| Exercise brief |
Exactly as written, please repeat the data that follows, but not the pictures.

| Supplied material |
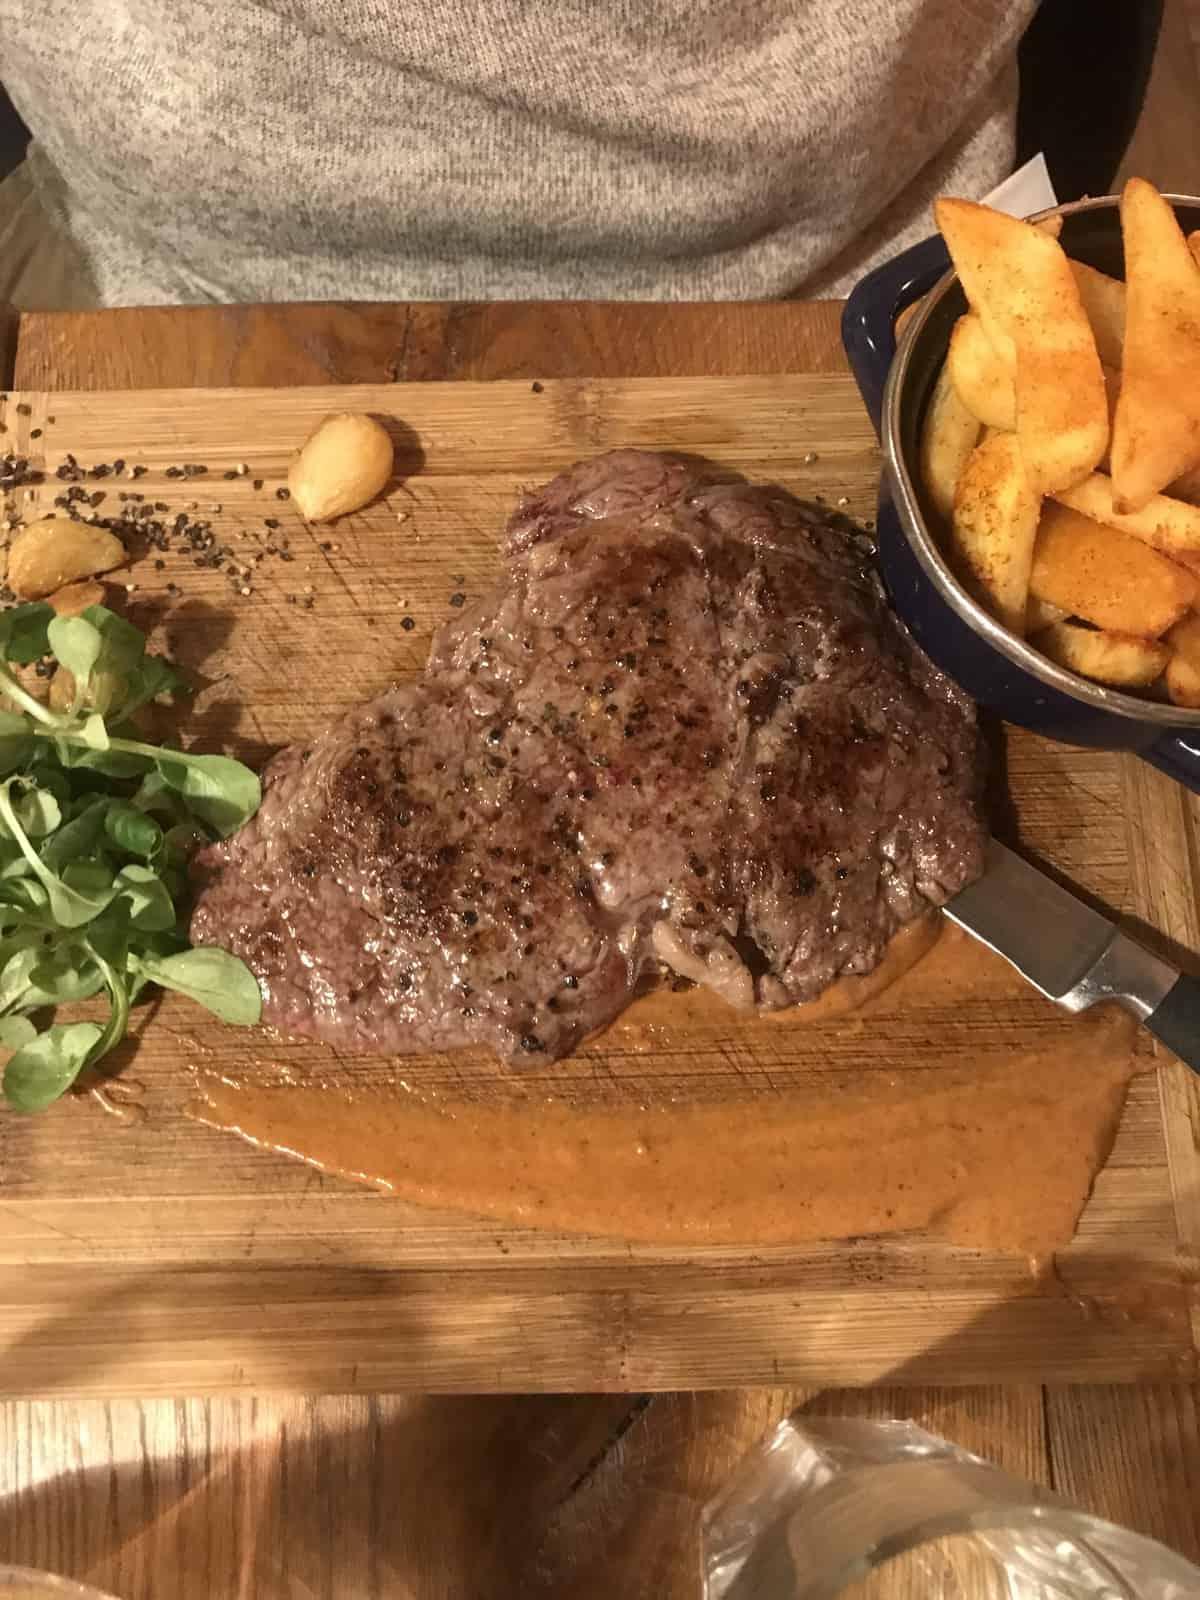 ribeye steak at Restauracja Slawkowska restaurant in Krakow, Poland
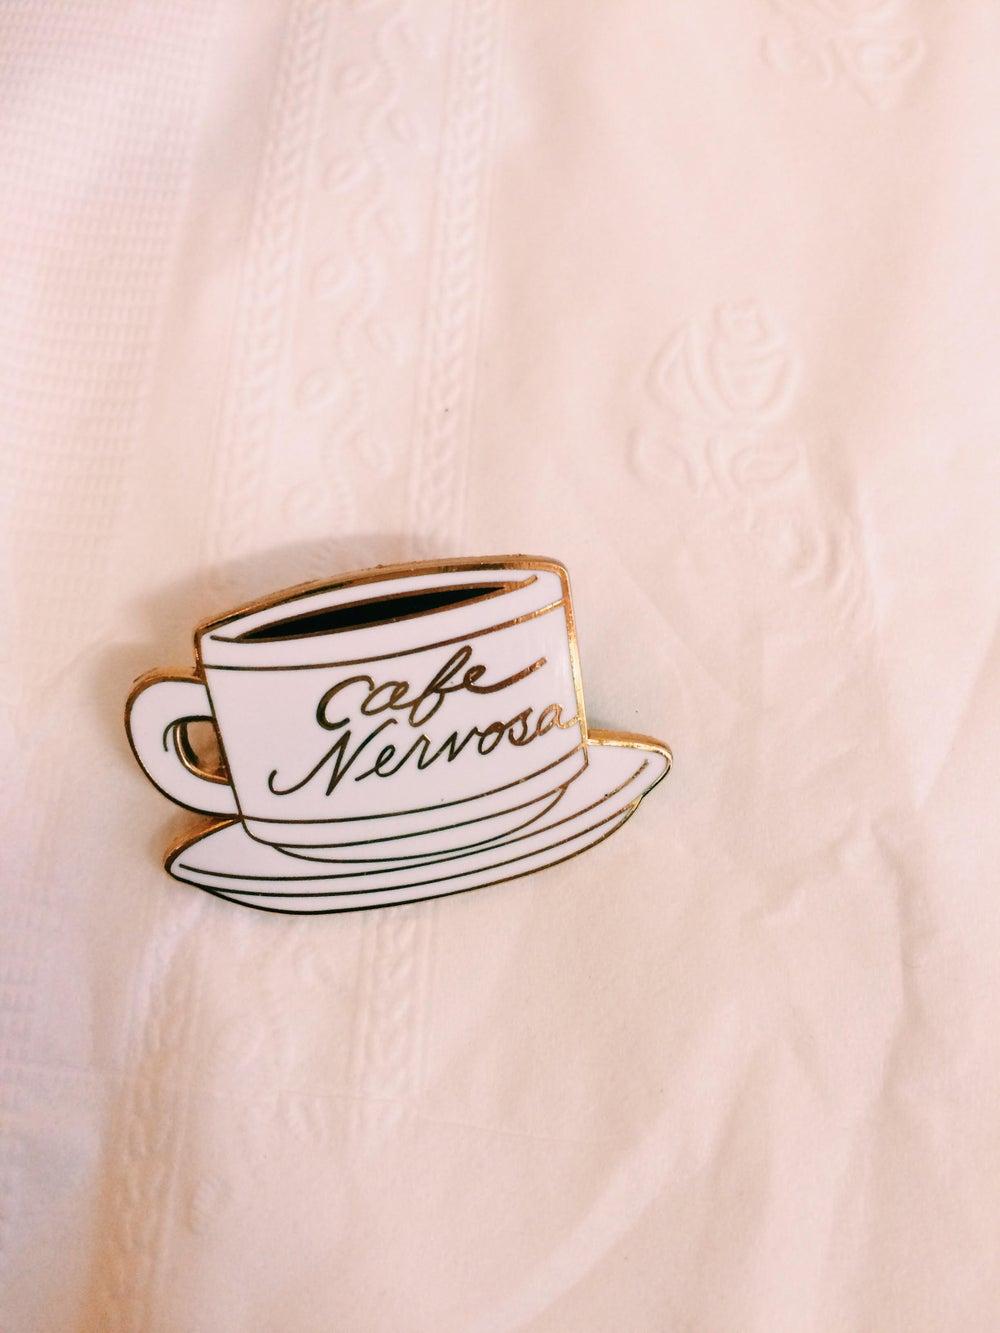 Image of Cafe Nervosa Frasier enamel pin
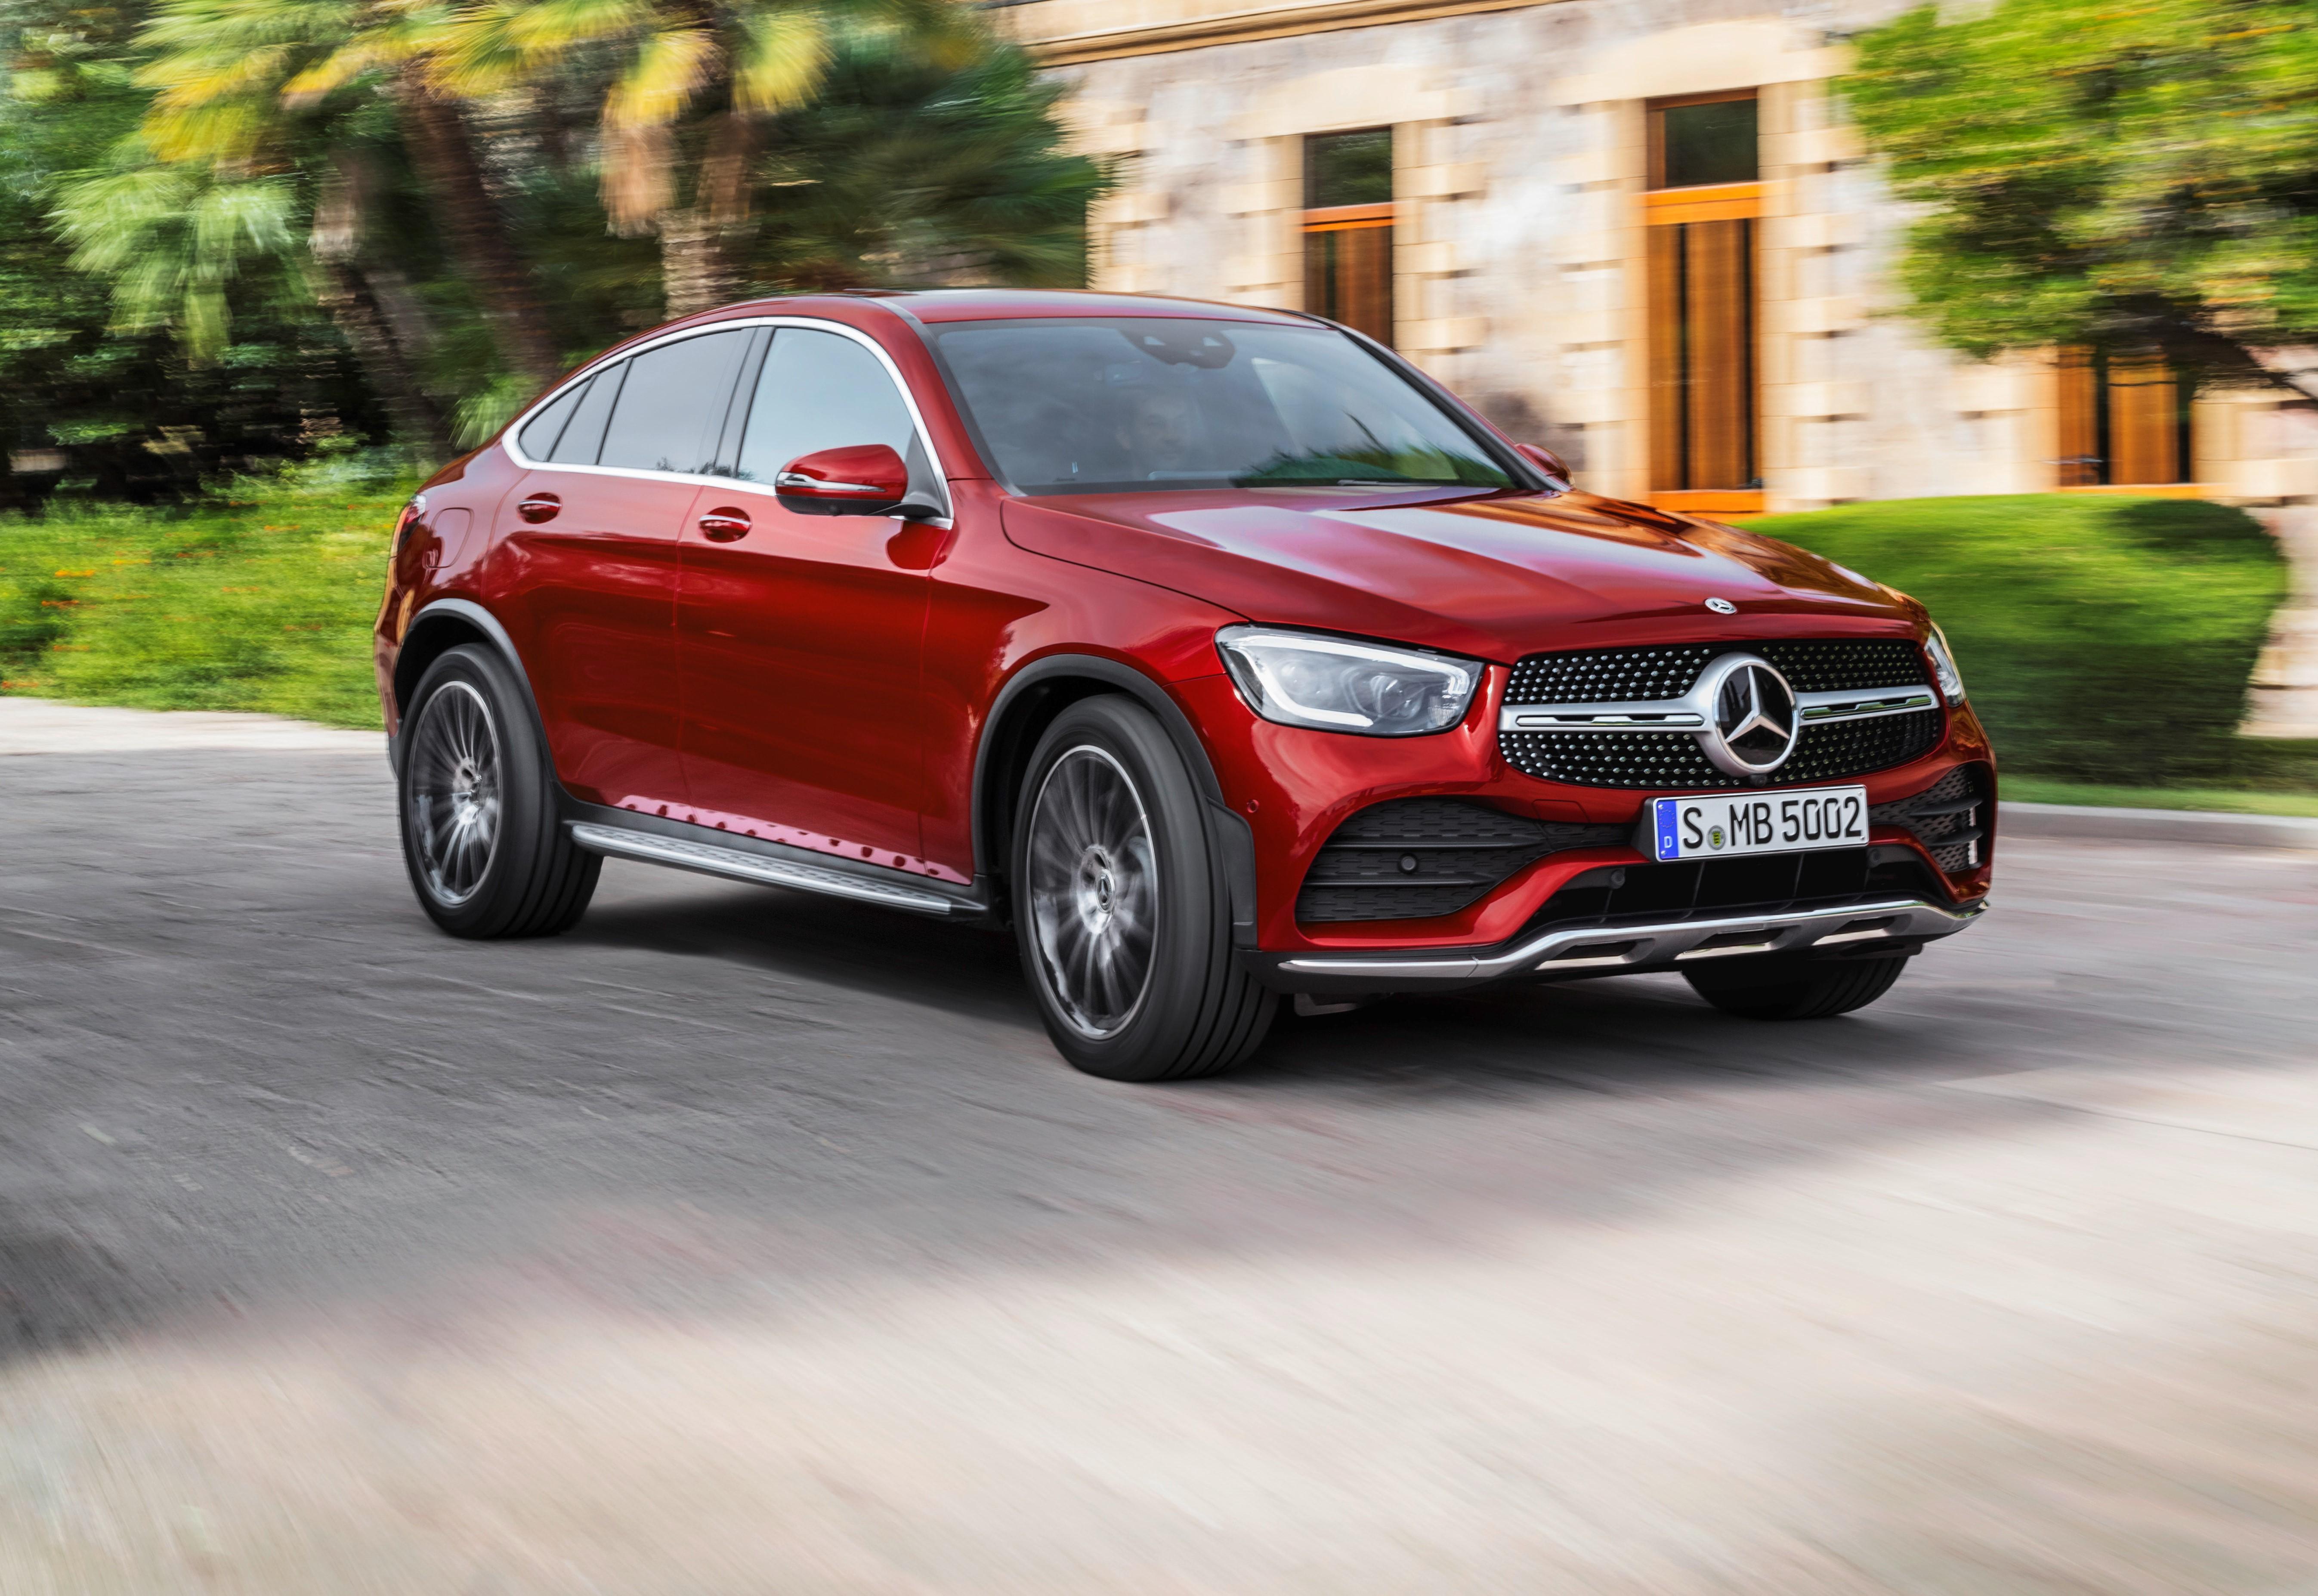 Mercedes Benz Glc Coupe Gets Midlife Facelift Wardsauto
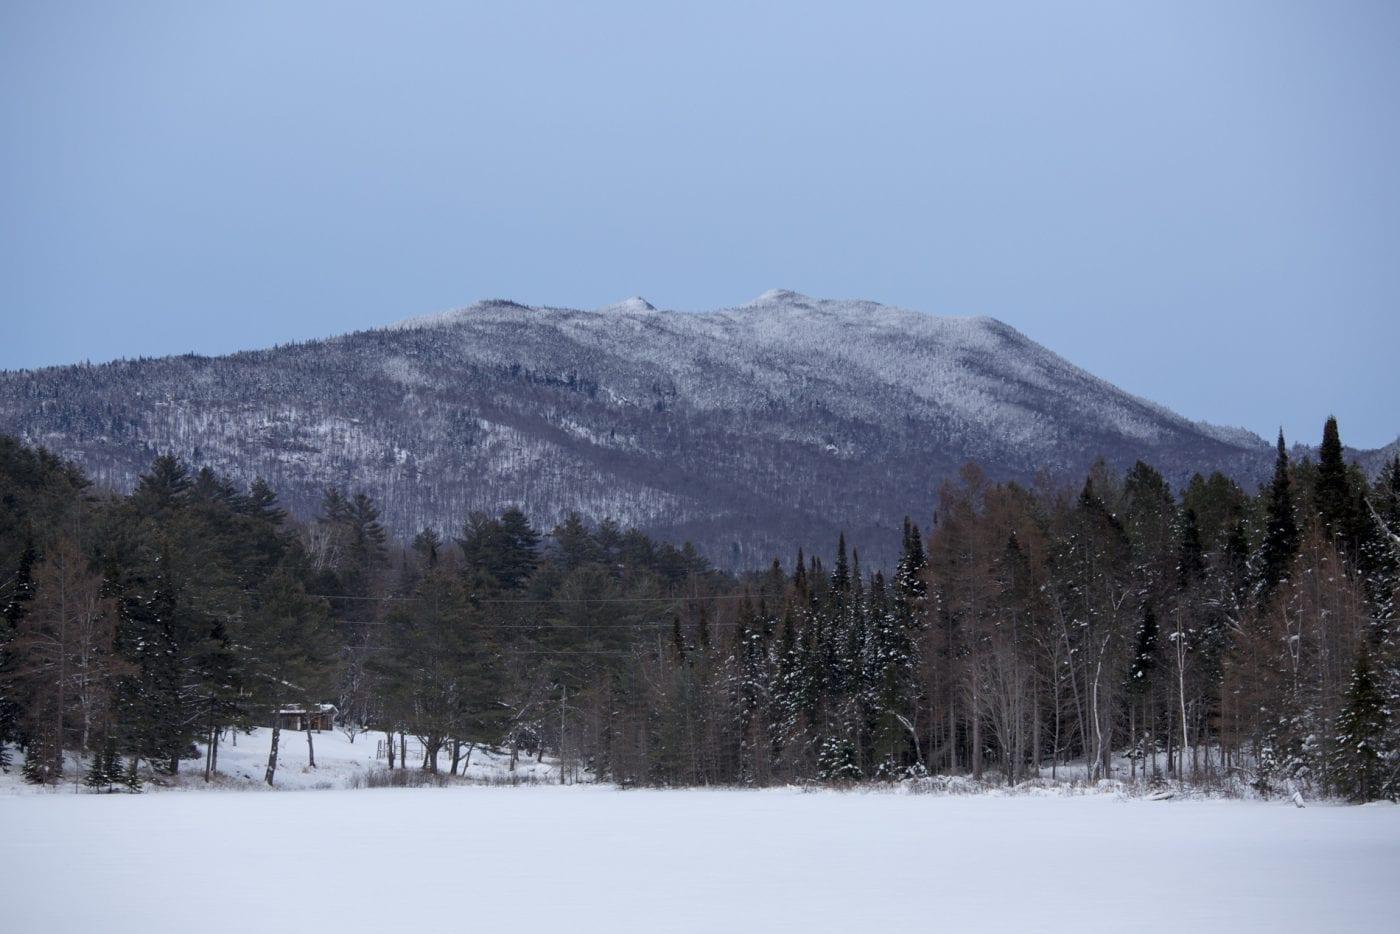 Snowy-Peaks-Adirondacks-Mike-Lynch-3
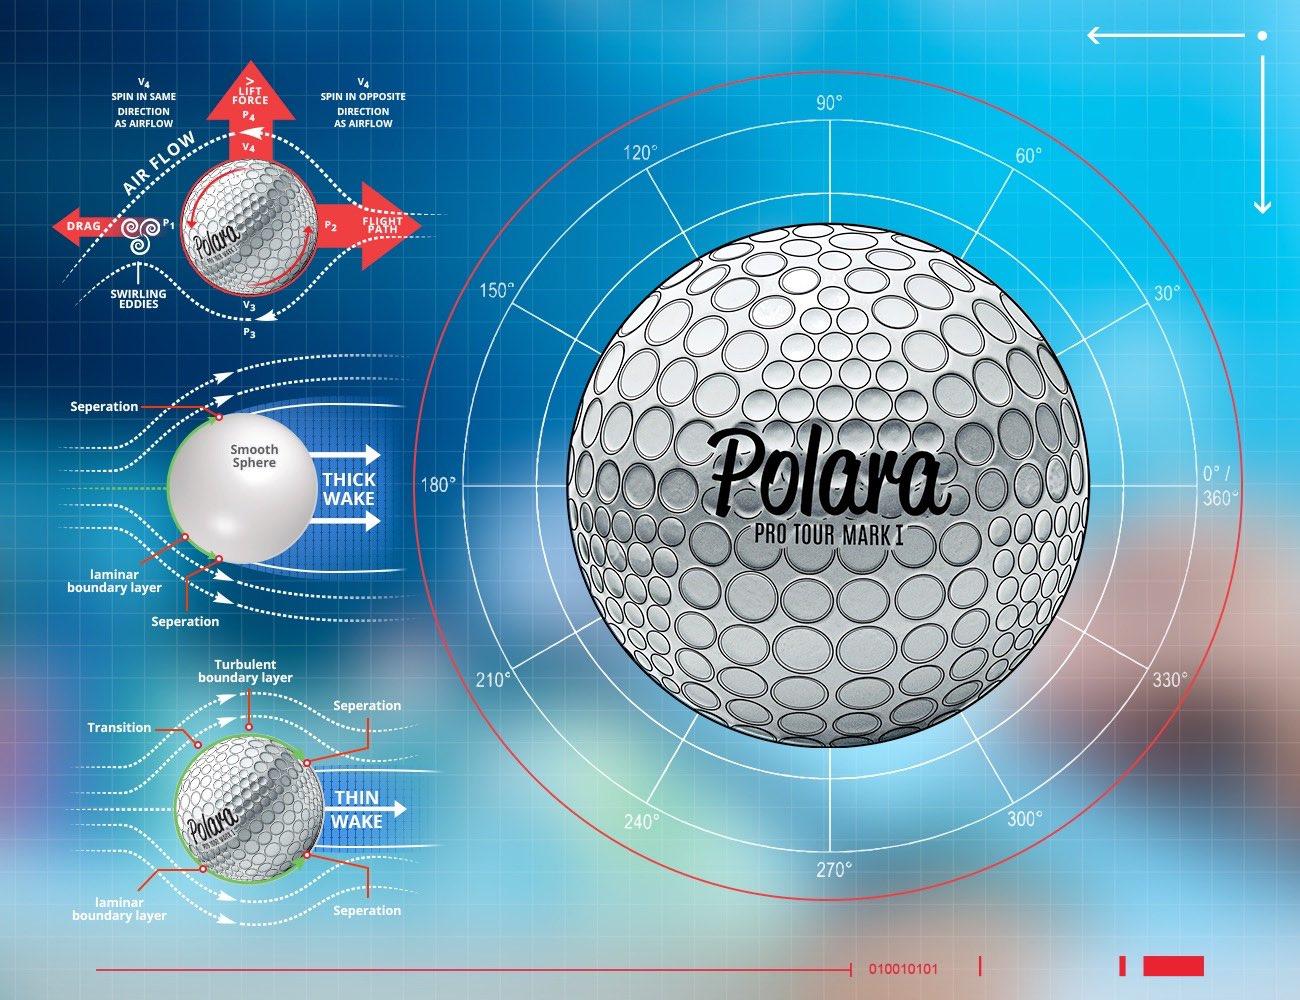 Polara Pro Tour FS Mark I – The Biggest Golf Ball Innovation In Decades!

| Written answer |
 ribeye steak at Restauracja Slawkowska restaurant in Krakow, Poland
 Image of Cafe Nervosa Frasier enamel pin
 Mercedes Benz Glc Coupe Gets Midlife Facelift Wardsauto
 Snowy-Peaks-Adirondacks-Mike-Lynch-3
 Polara Pro Tour FS Mark I – The Biggest Golf Ball Innovation In Decades!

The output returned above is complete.